[ABOUT THIS TASK] Beginning with the line that holds "Foot Locker EU", copy every remaining line of the listing below exactly, and leave the pictures out.

[AVAILABLE DATA]
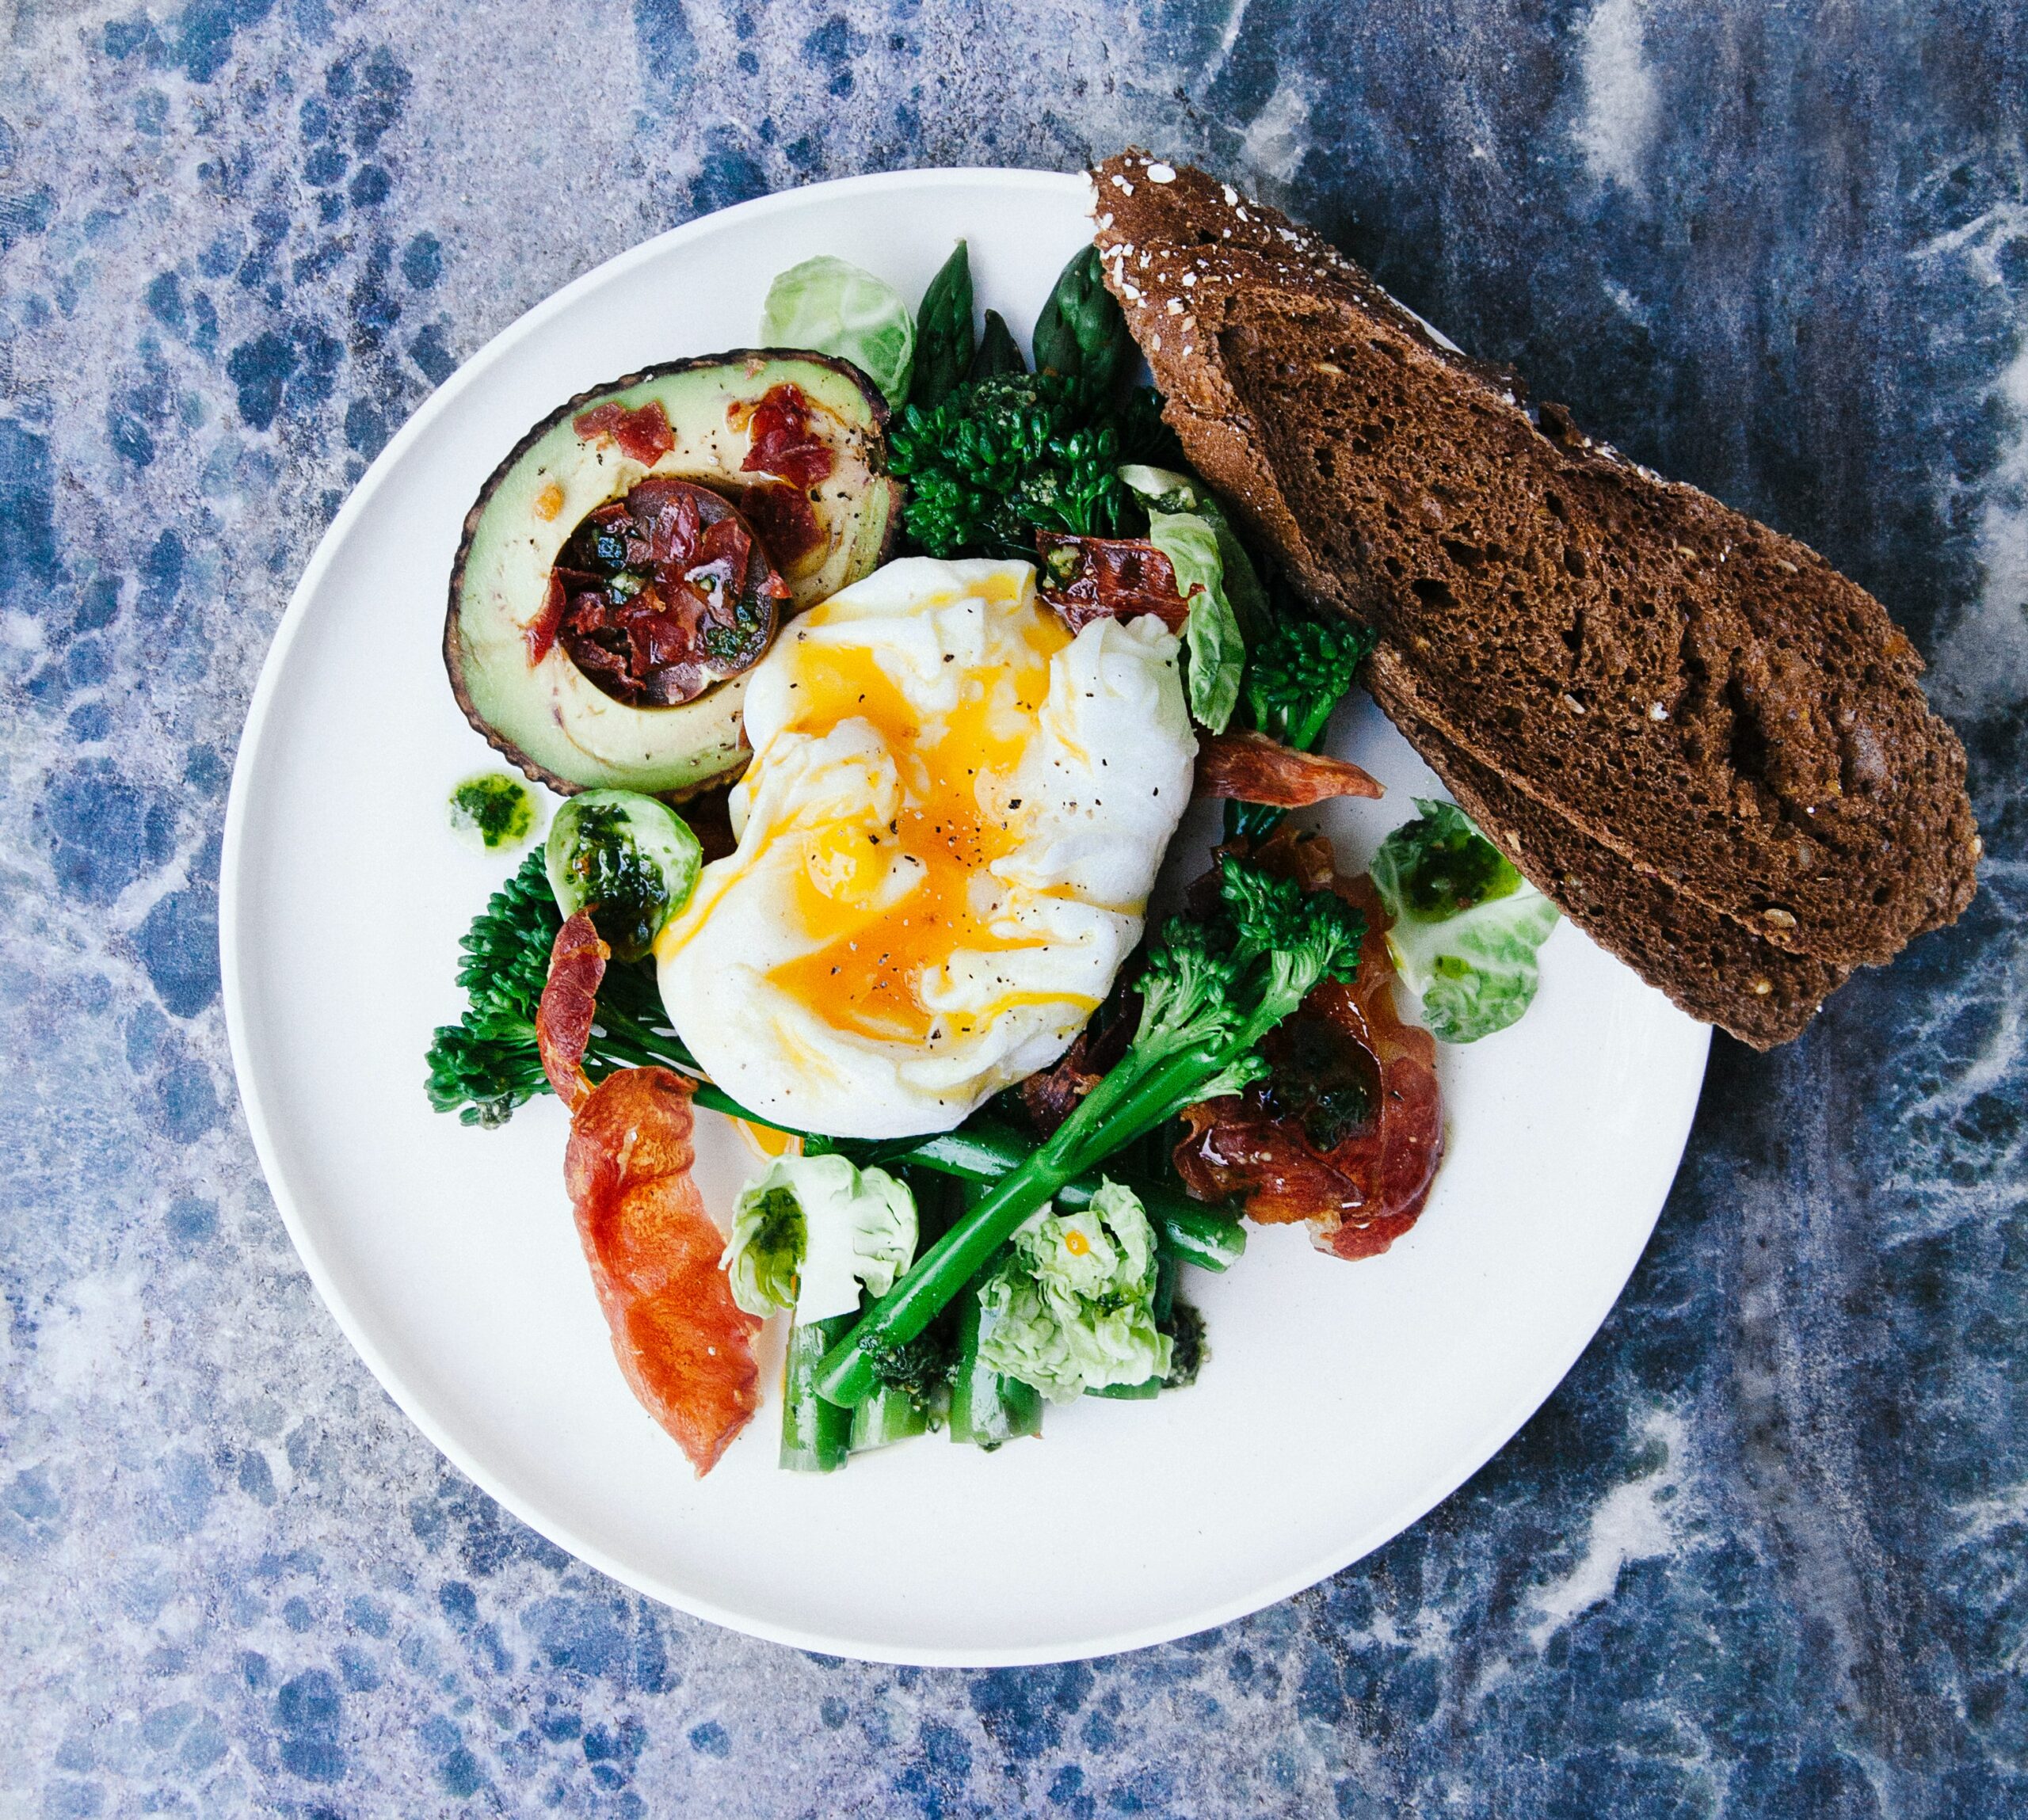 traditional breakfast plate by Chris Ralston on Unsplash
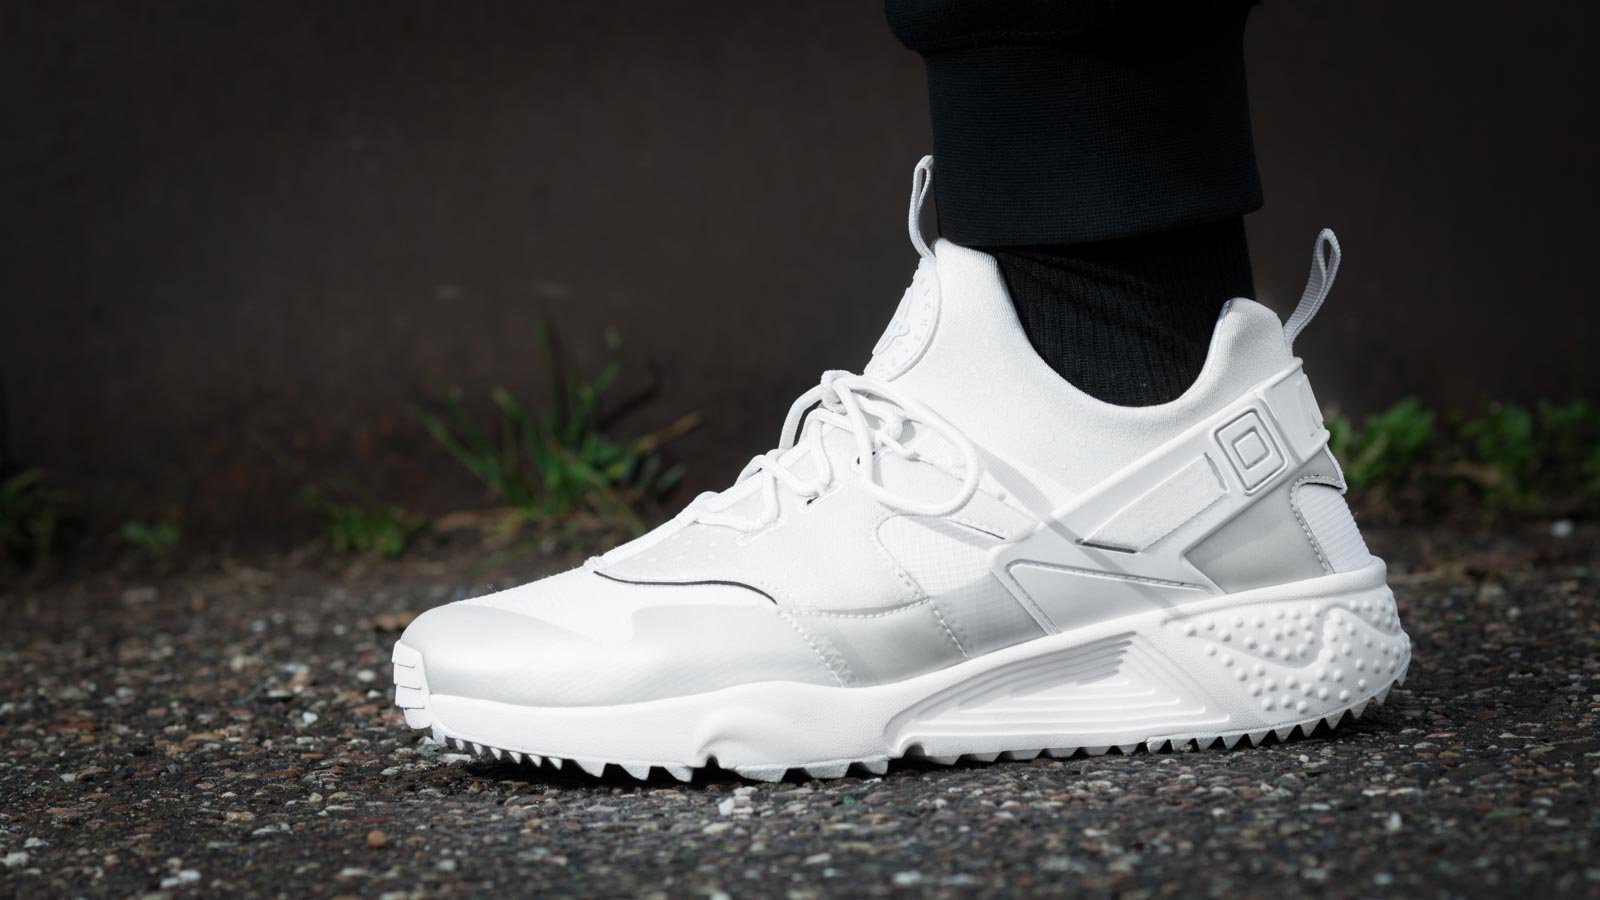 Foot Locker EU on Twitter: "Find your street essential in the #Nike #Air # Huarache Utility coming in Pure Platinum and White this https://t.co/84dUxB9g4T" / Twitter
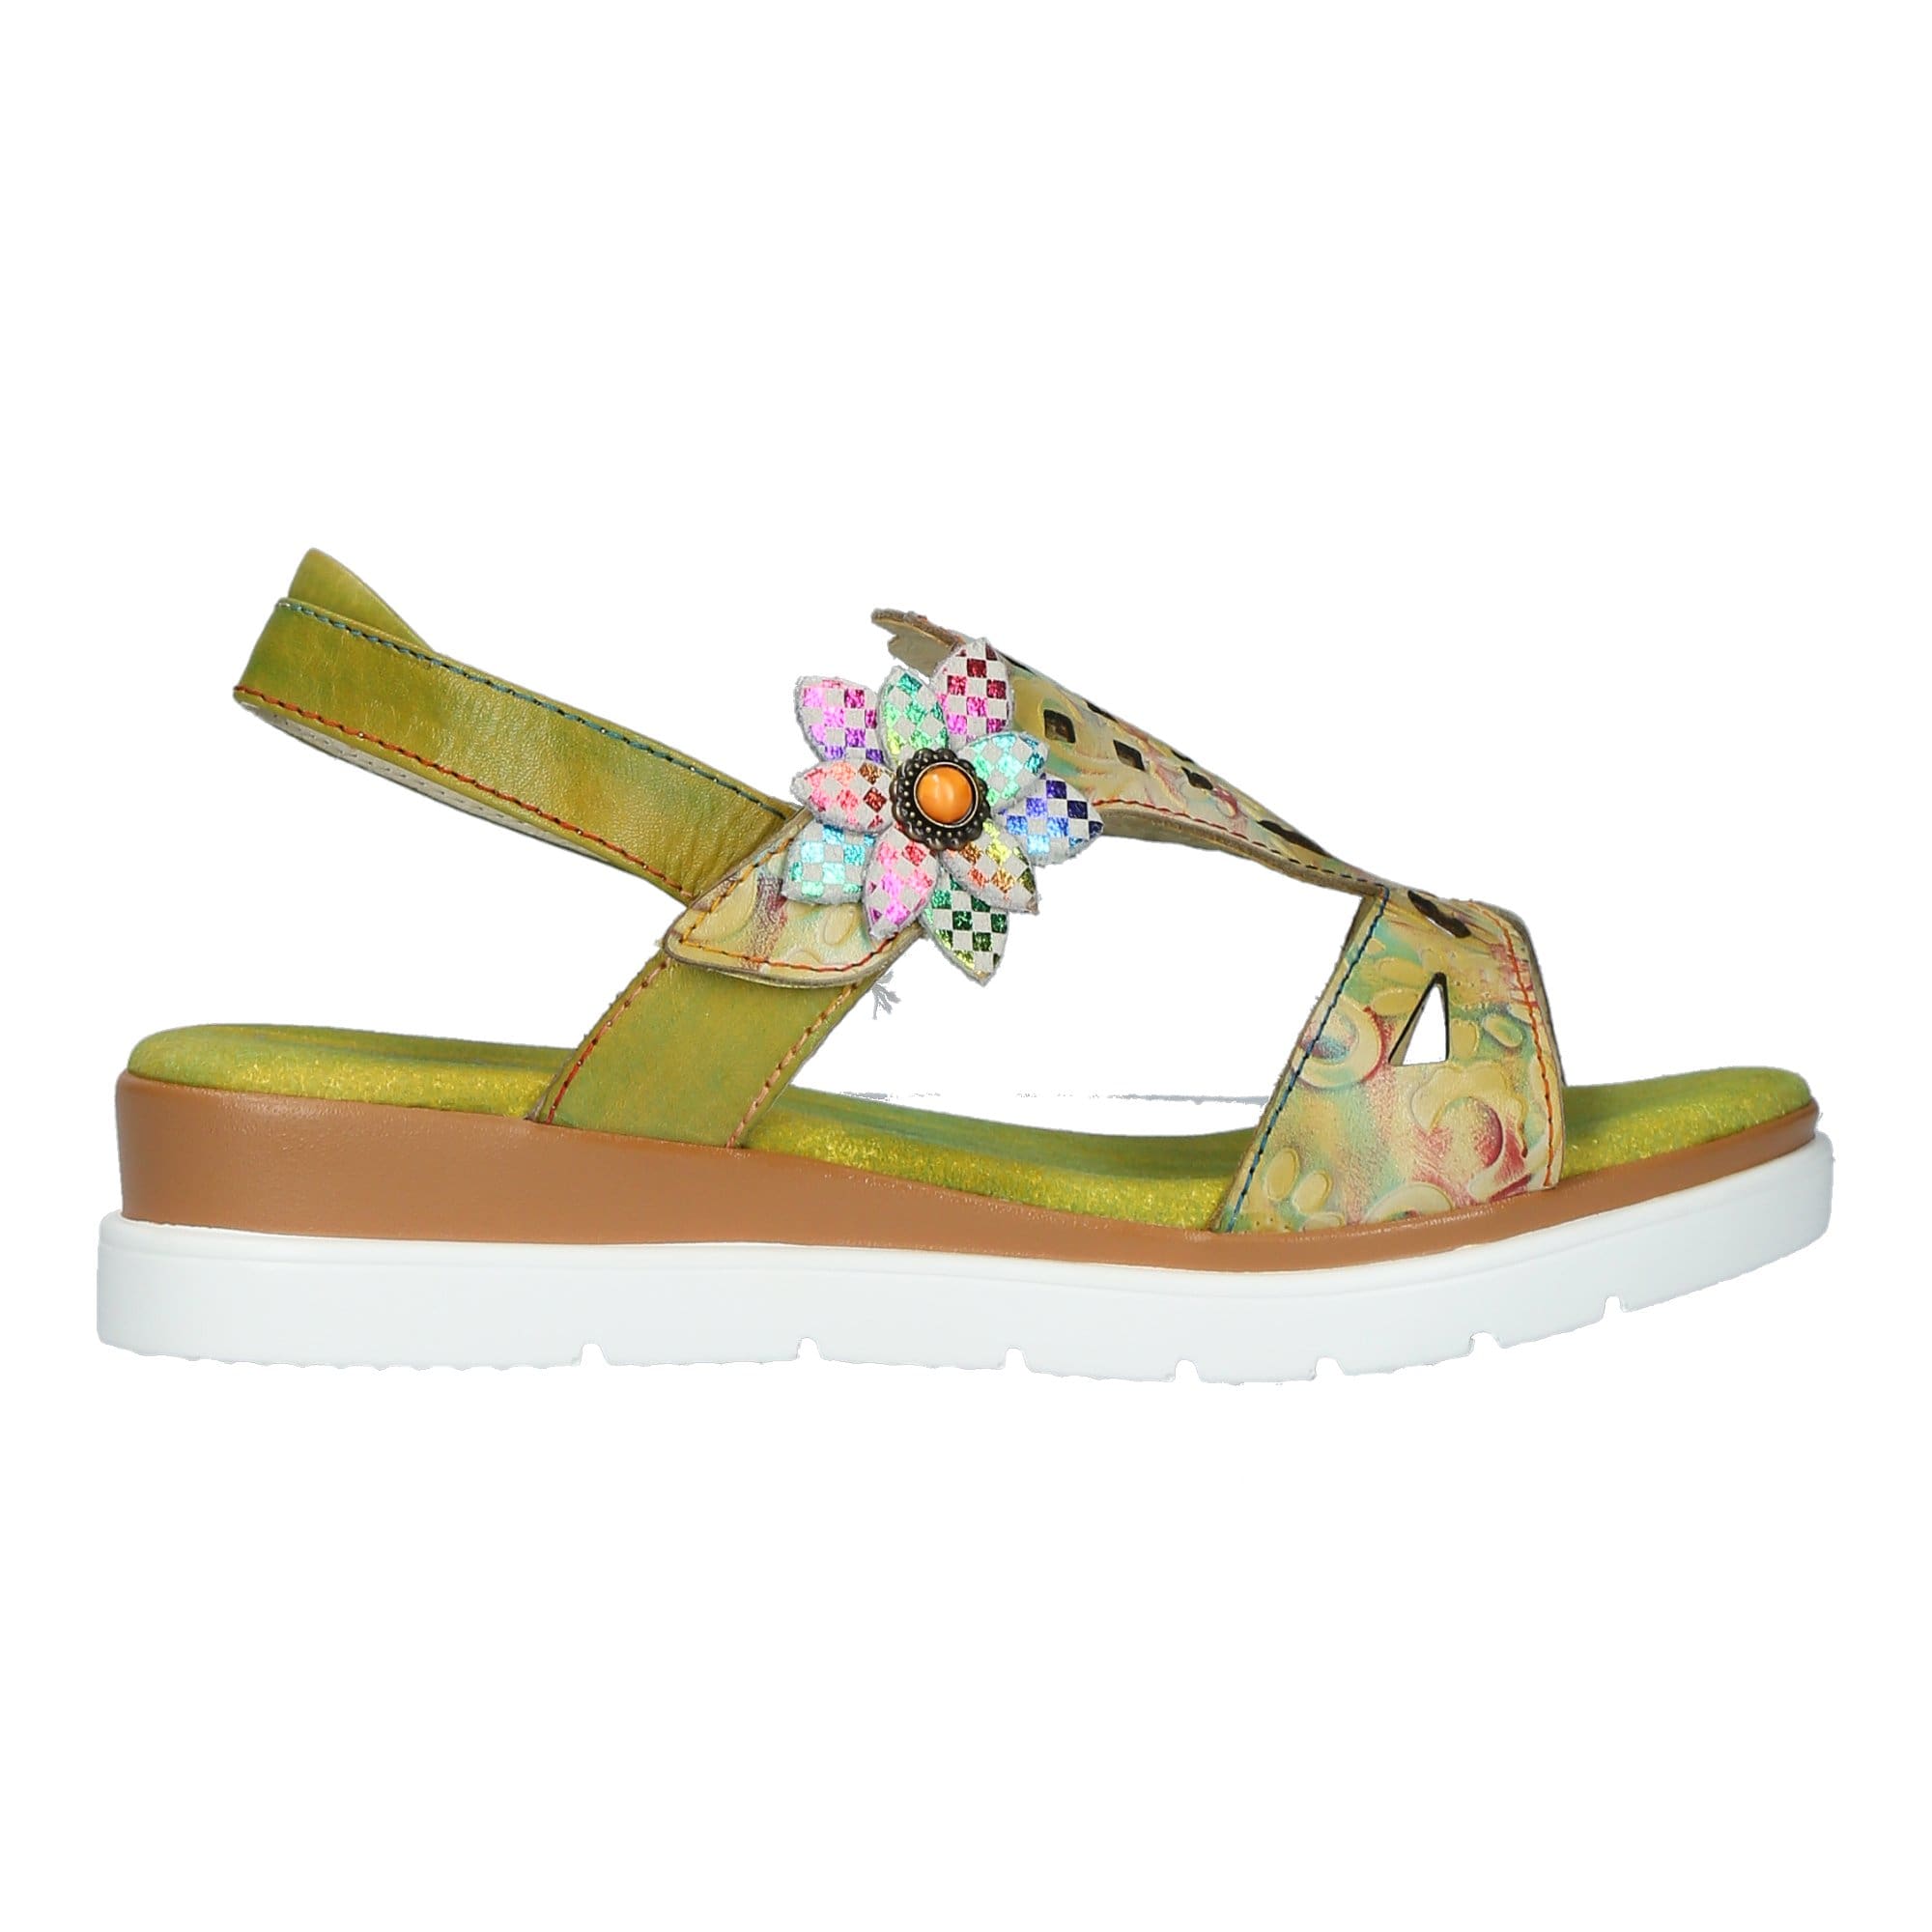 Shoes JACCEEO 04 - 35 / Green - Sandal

[COMPLETED EXERCISE]
 Foot Locker EU on Twitter: "Find your street essential in the #Nike #Air # Huarache Utility coming in Pure Platinum and White this https://t.co/84dUxB9g4T" / Twitter
 Shoes JACCEEO 04 - 35 / Green - Sandal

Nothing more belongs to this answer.